The invention relates to a winding shaft for receiving at least one winding core.
Plastic sheets, in particular those which were produced in a blown sheet layout or in a cast sheet layout, must be wound onto winding cores for transport and further processing. To this end winding cores are successively pushed onto winding shafts. Then, the provided winding shaft is transferred into a winding device in which a start is made to wind the plastic sheet onto the still empty winding cores.
The publication WO 2015/055713 A1 shows such a winding shaft for receiving at least one winding core. Such a winding shaft is disclosed there with a shaft body consisting of fiber-reinforces plastic, preferably of CFRP, with at least two bearing points at at least one end of the winding shaft, with clamping elements distributed over the circumference and over the axial length and which can be radially shifted for clamping, holding and releasing the winding core. A formation of folds frequently occurs during the winding on in this type of a winding shaft.
The publication GB 2 329 948 A discloses a device and a method for pre-centering and subsequent fastening winding cores on a winding shaft. This device comprises a pneumatic system for pre-centering and an additional, purely mechanical system for fastening the winding cores. This achieves a good centering of the winding cores but the device and the method are very complicated.
The publication DE 91 13 939 U1 also discloses a system for pre-centering and subsequently clamping winding cores on a winding shaft, wherein resiliently supported pressure pieces are provided for the pre-centering and wherein, for example, a pneumatic system is suggested for the clamping. Even this device and this method have a complicated construction and handling.
However, there is frequently the problem that the finished winding has an insufficient quality. In particular during the winding onto new cores the plastic sheet regularly forms folds.
The present invention therefore has the problem of producing sheet windings with an improved quality.
The invention solves this problem by all the features of Claim 1.
The present invention provides that the winding shaft comprises a shaft body of fiber-reinforced plastic, wherein preferably carbon fiber-reinforced plastic (CFRP) is provided. In addition, it is provided that at least two bearing points are arranged at at least one end of the winding shaft. The winding shaft is designed to hold winding cores with an inside diameter of a maximum of 80 mm. For different applications, winding cores have a standard measurement of 3 inches (relative to the inside diameter). They are, for example, winding cores for winding stretch sheeting with a thickness in the range of 10 to 30 micrometers, wherein cores are then used in automatic packaging machines or manually in order to provide loaded pallets with a secure load but also with protection against outside influences.

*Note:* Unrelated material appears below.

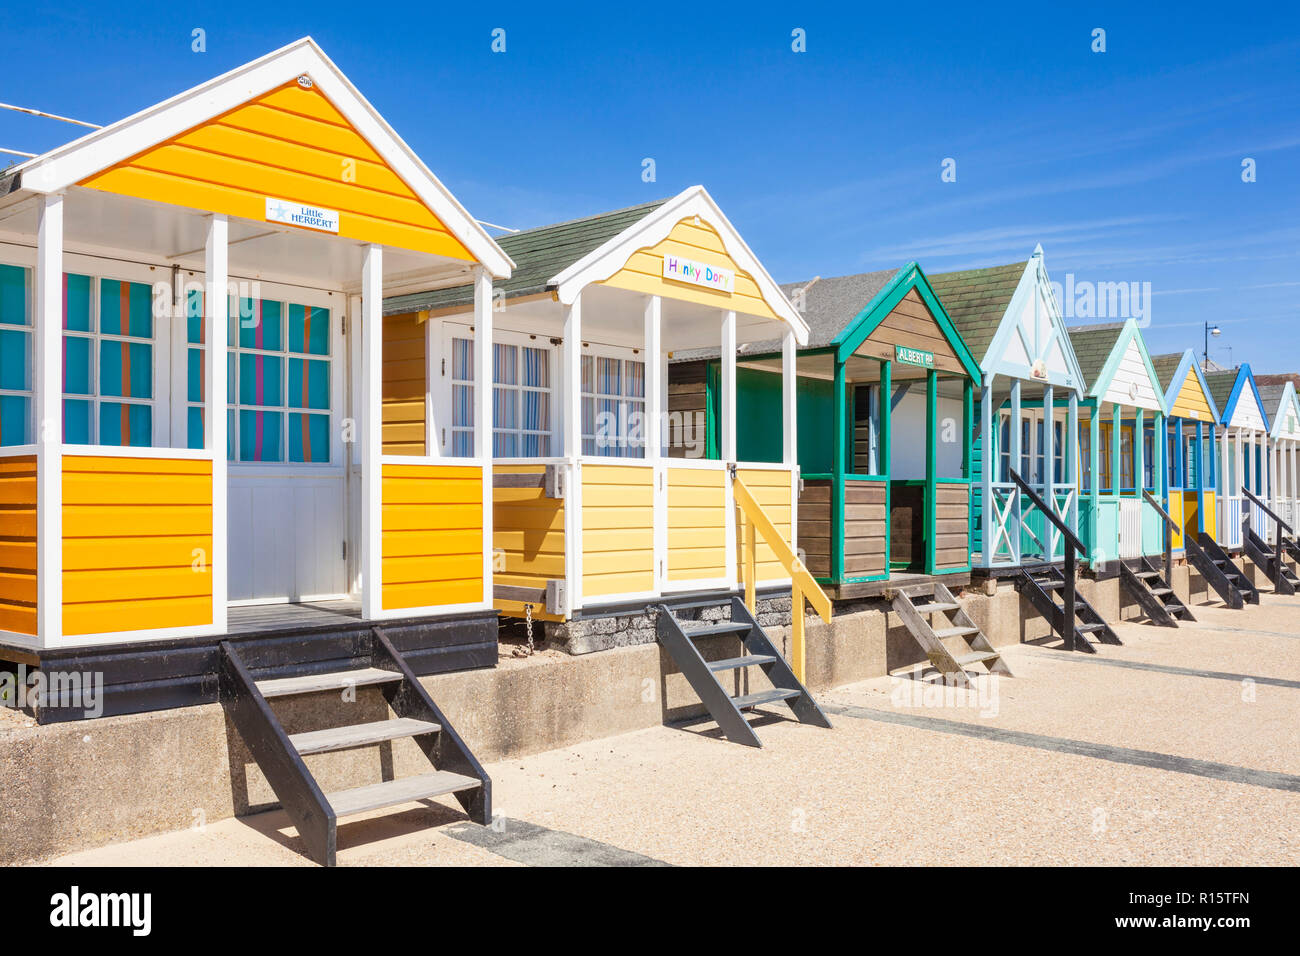 Cabines de plage de Southwold peint de couleurs vives, des cabines de plage plage de Southwold North Parade East Anglia Suffolk Southwold England UK GO Europe Banque D'Images

A winding shaft designed for winding cores with an inside diameter of a maximum of 80 mm has such a high degree of rigidity in the just-cited combination that oscillations co-responsible for the development of folds are reduced. The cited feature combination is especially advantageous if the working width, that is, the range in the axial direction of the winding shaft in which the winding cores can be placed is at least 1 m, preferably at least 1.5 m.
A winding shaft according to the invention comprises clamping elements distributed over the circumference and over the axial length which can be radially shifted for clamping, holding and releasing the winding cores.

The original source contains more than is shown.